# [Task description]
Beginning with the line that holds "Ein auto fährt" and ending with the last line below, repeat each line exactly, leaving any pictures out.
-- Recorded information follows --
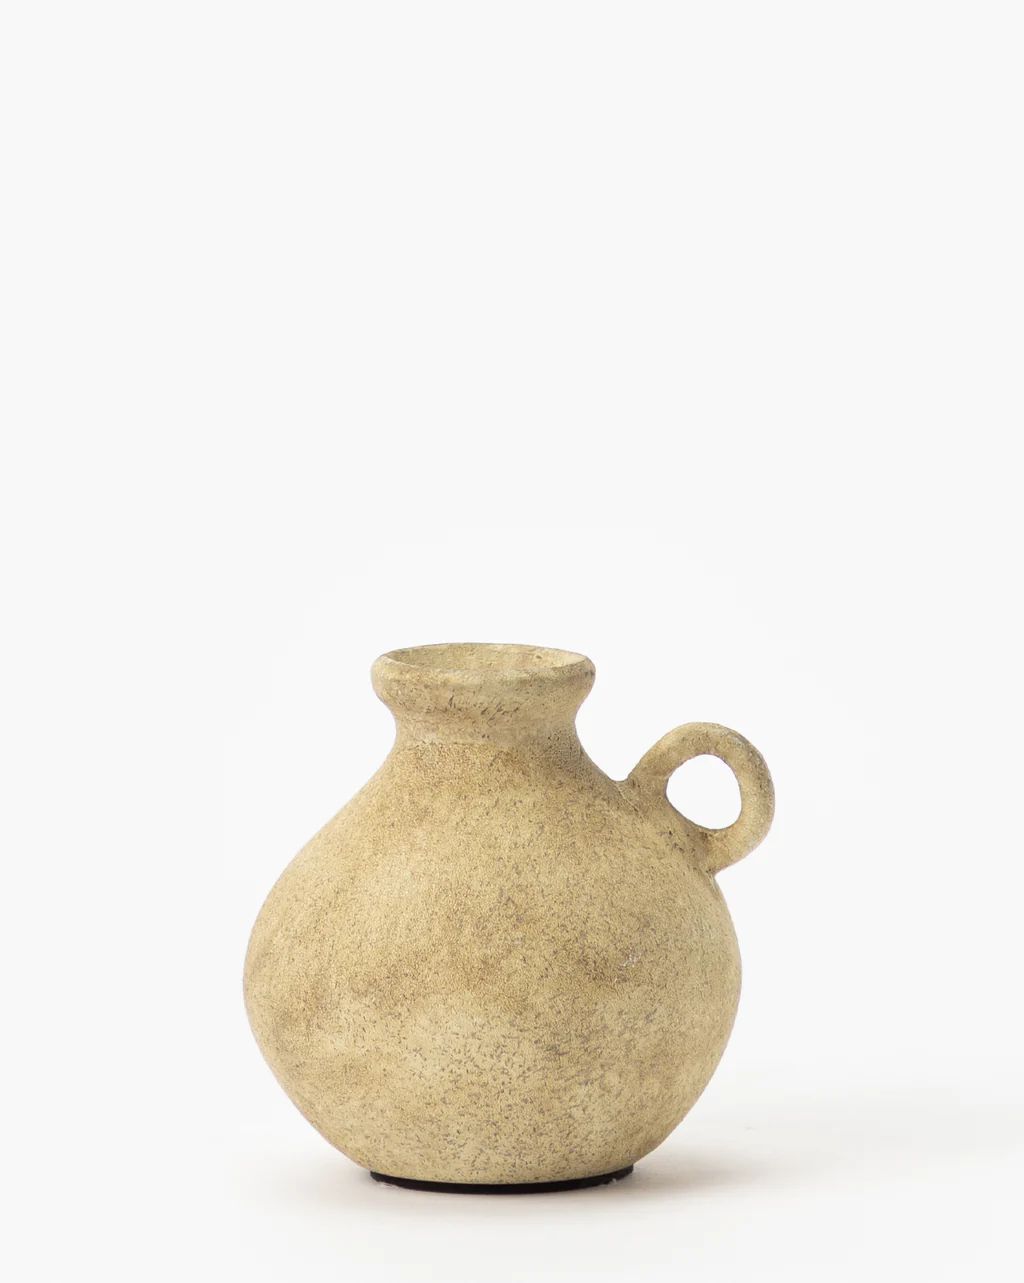 Ceramic Handled Bud Vase | McGee & Co.
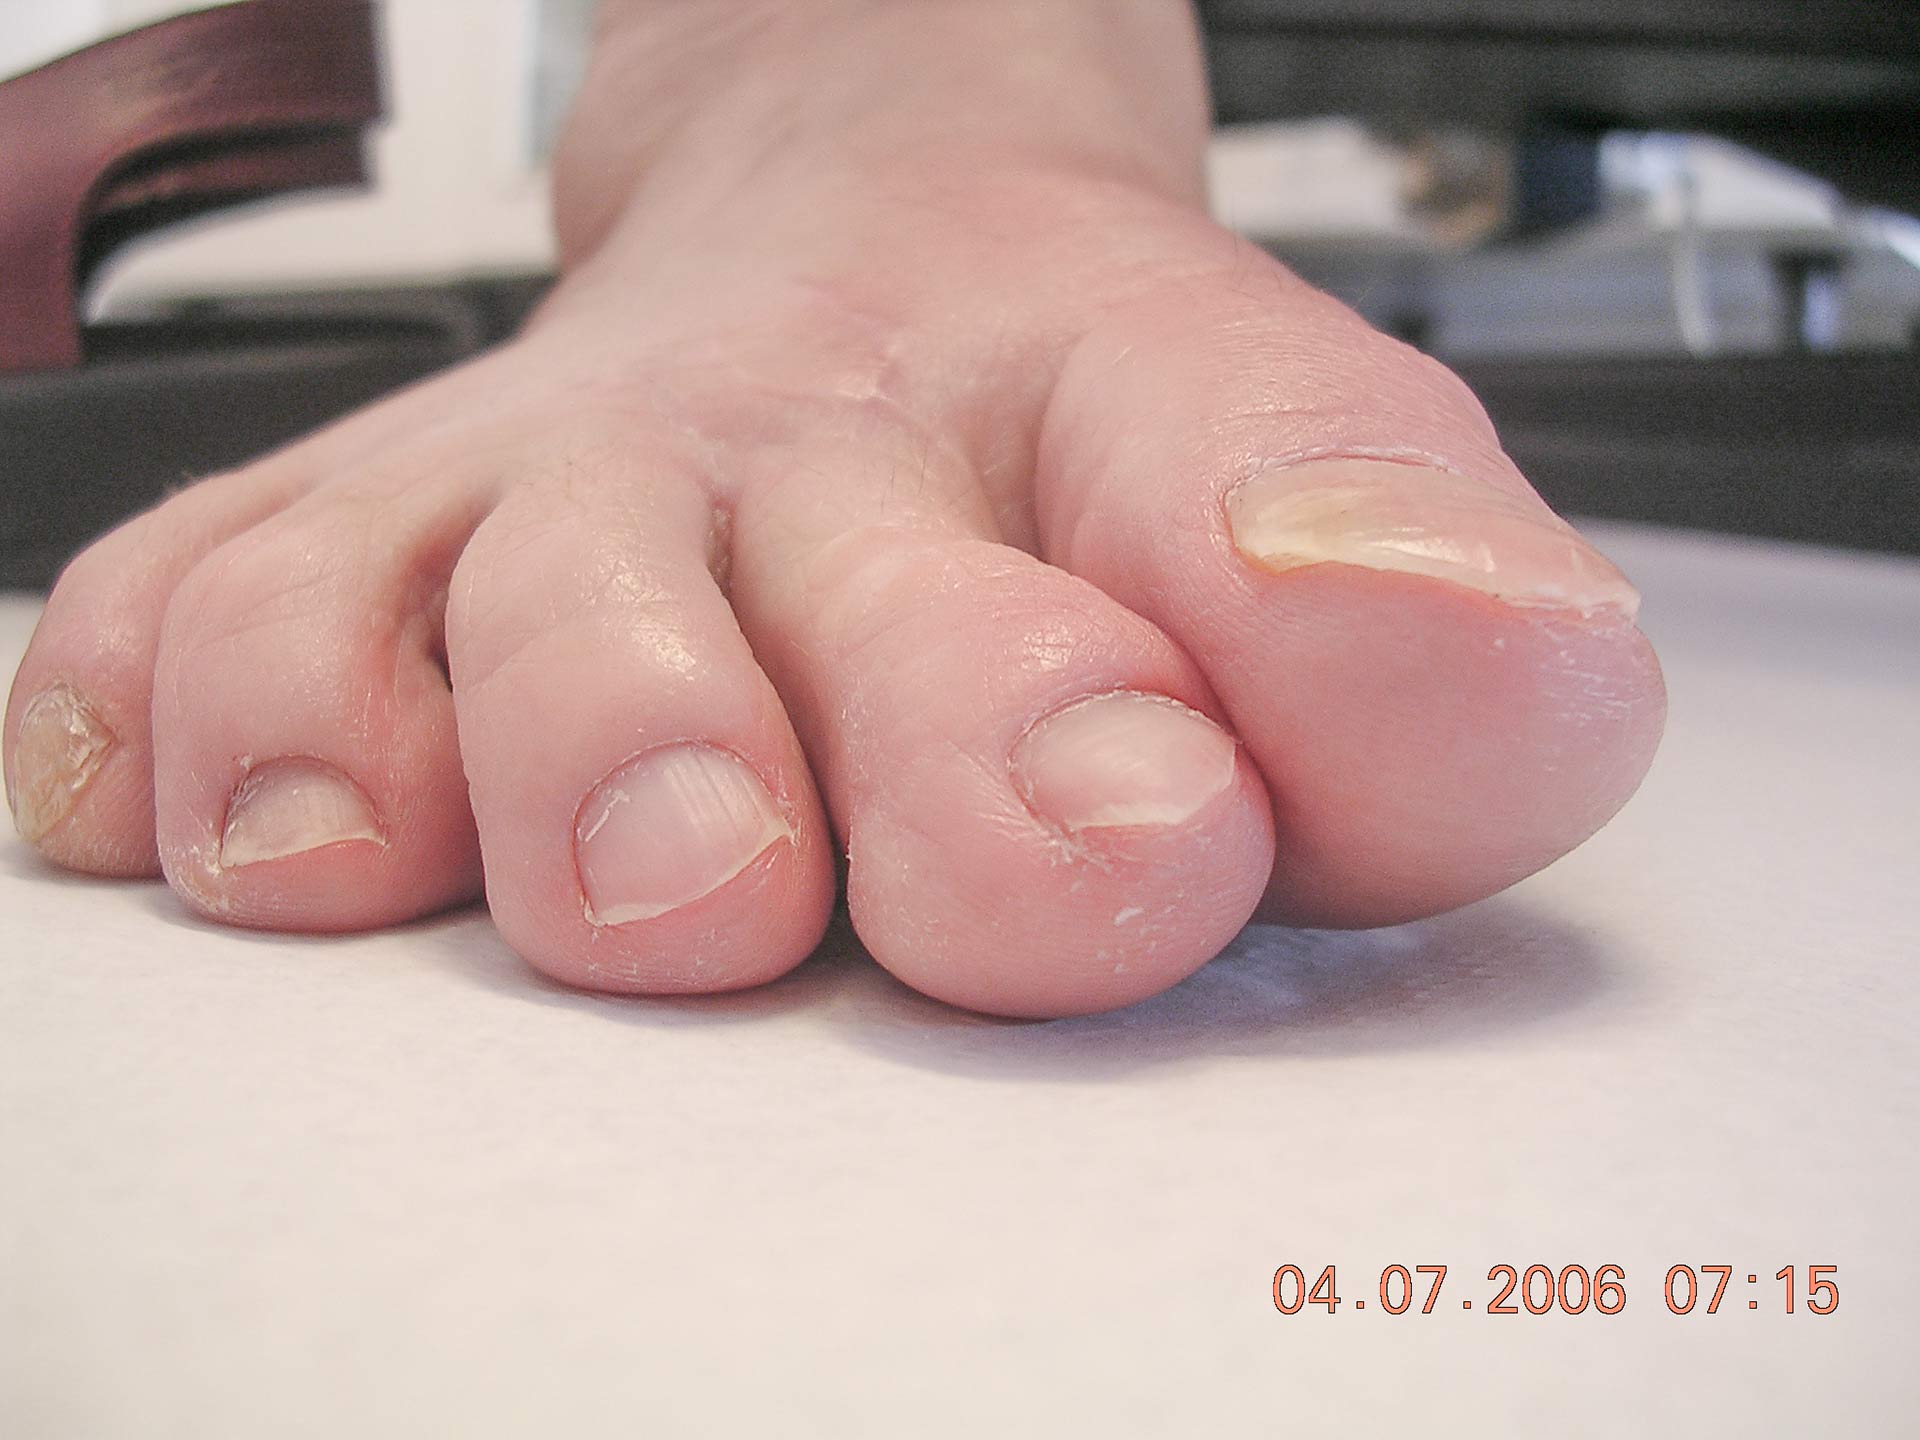 Maestro y Alejo Podología | Tratamiento quirúrgico de juanete con dedo por encima de segundo dedo (primer dedo supracutus) | Postoperatorio 2
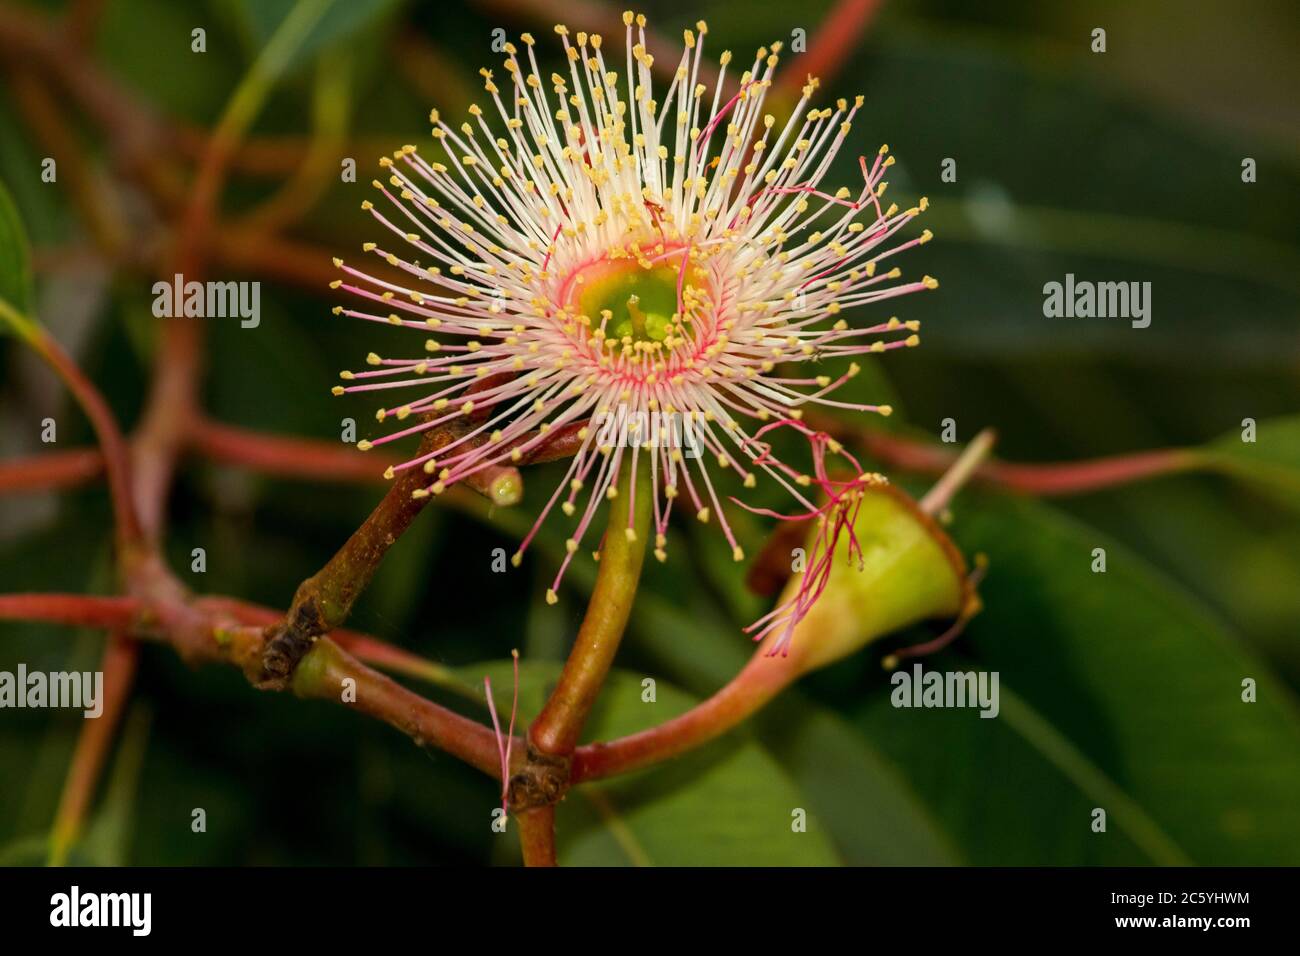 Gros plan de fleur rose pâle/crème de gomme, Eucalyptus sur fond de feuillage vert émeraude en Australie Banque D'Images
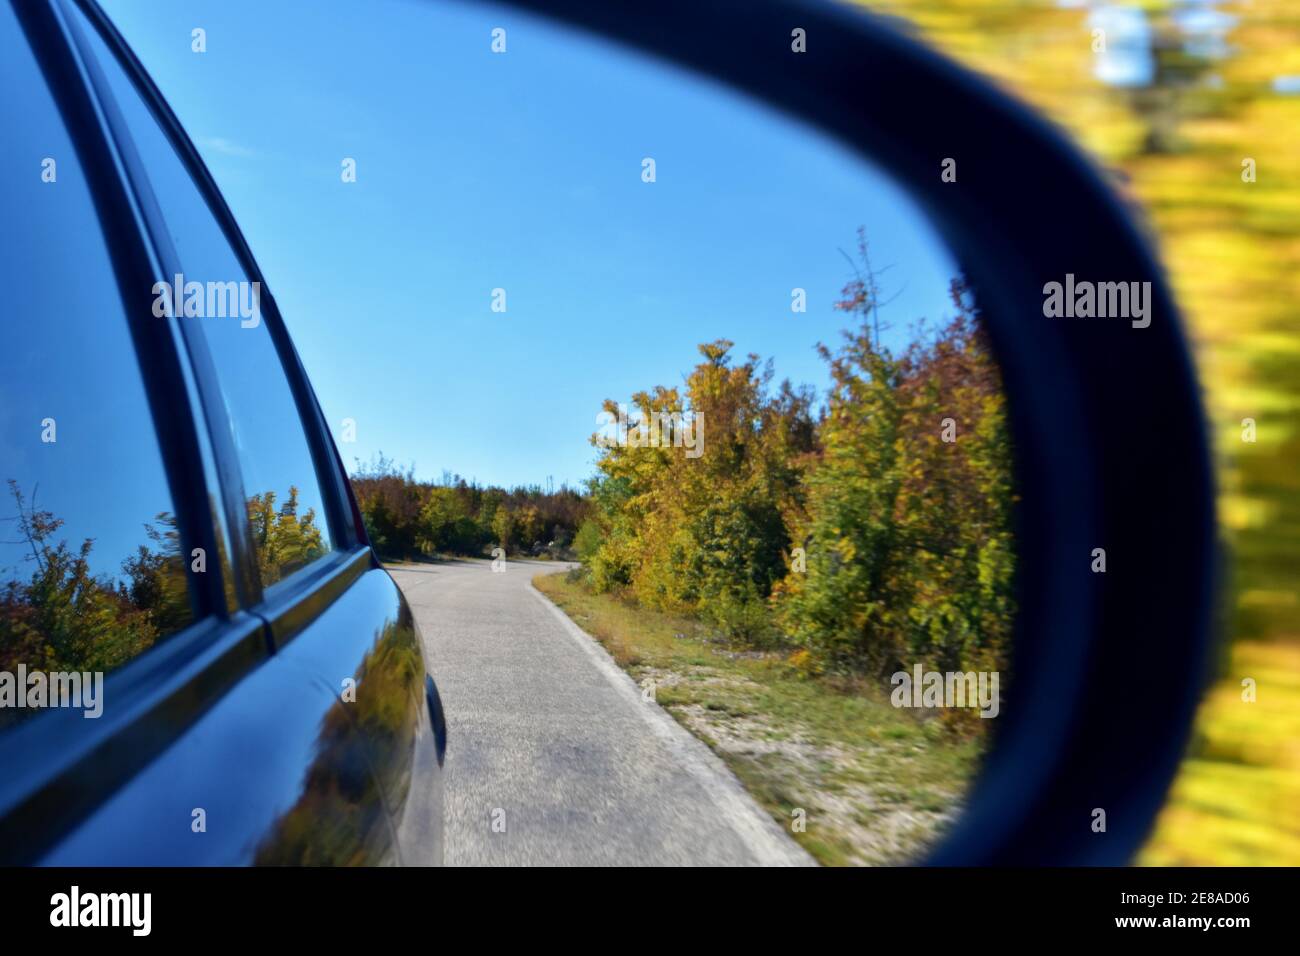 Ein auto fährt mit einem auto im spiegel die straße entlang.
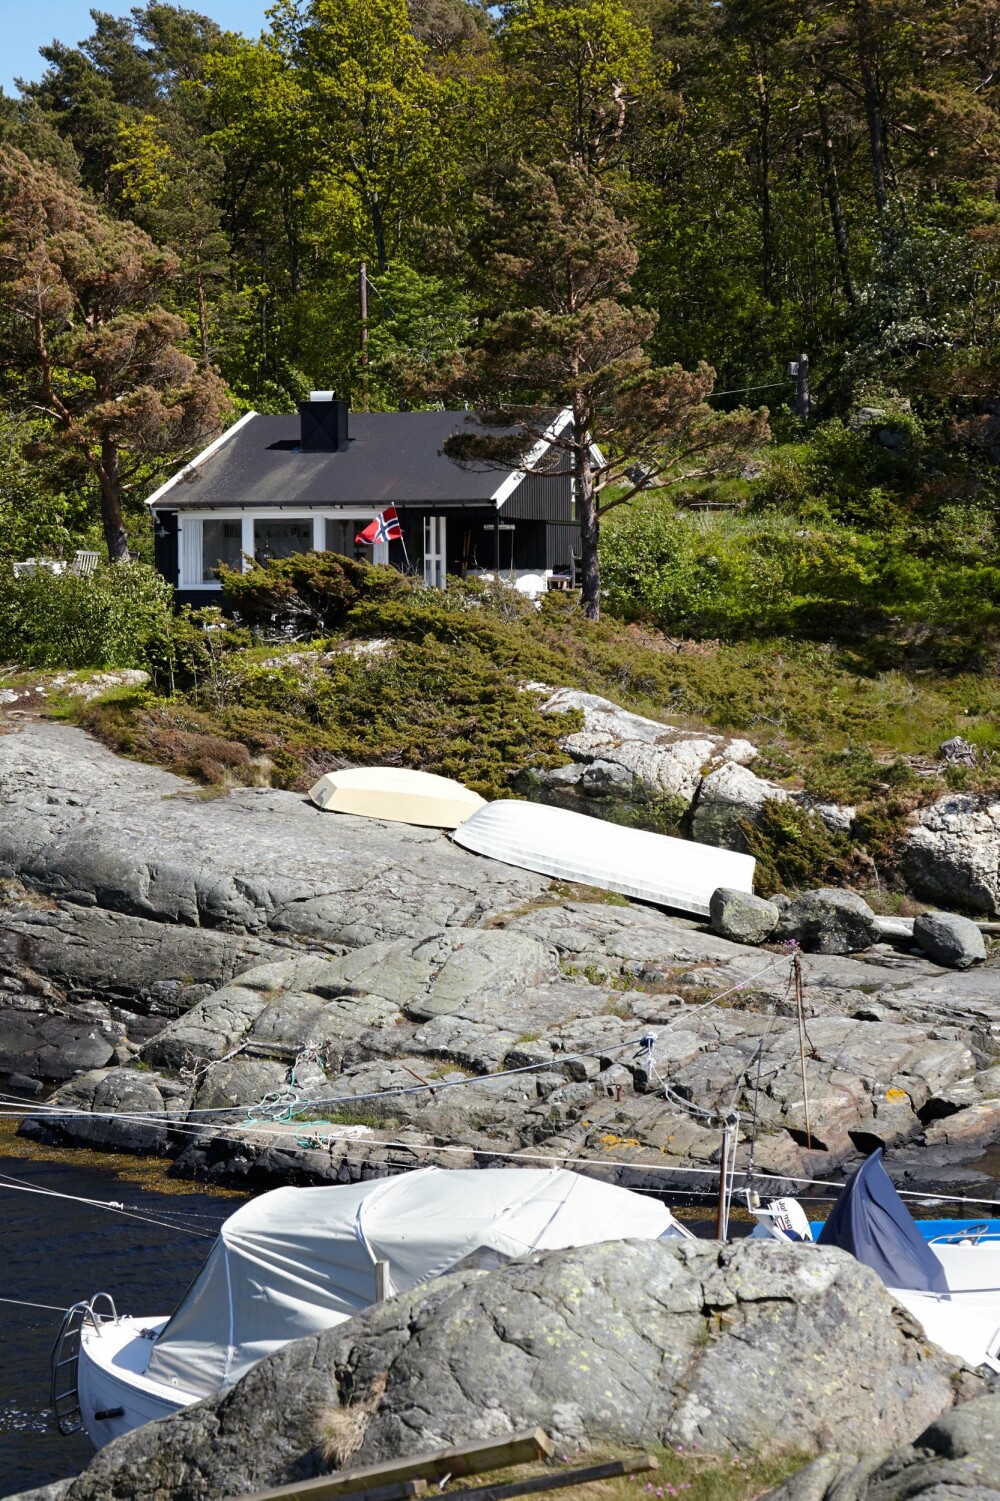 BÅTLIV: Sjøveien er den raskeste veien til hytta fra Kristiansand. En smal bukt gir fine båtplasser.
-- Recorded information concluded --
# [Exercise result]
 Ein auto fährt mit einem auto im spiegel die straße entlang.
 BÅTLIV: Sjøveien er den raskeste veien til hytta fra Kristiansand. En smal bukt gir fine båtplasser.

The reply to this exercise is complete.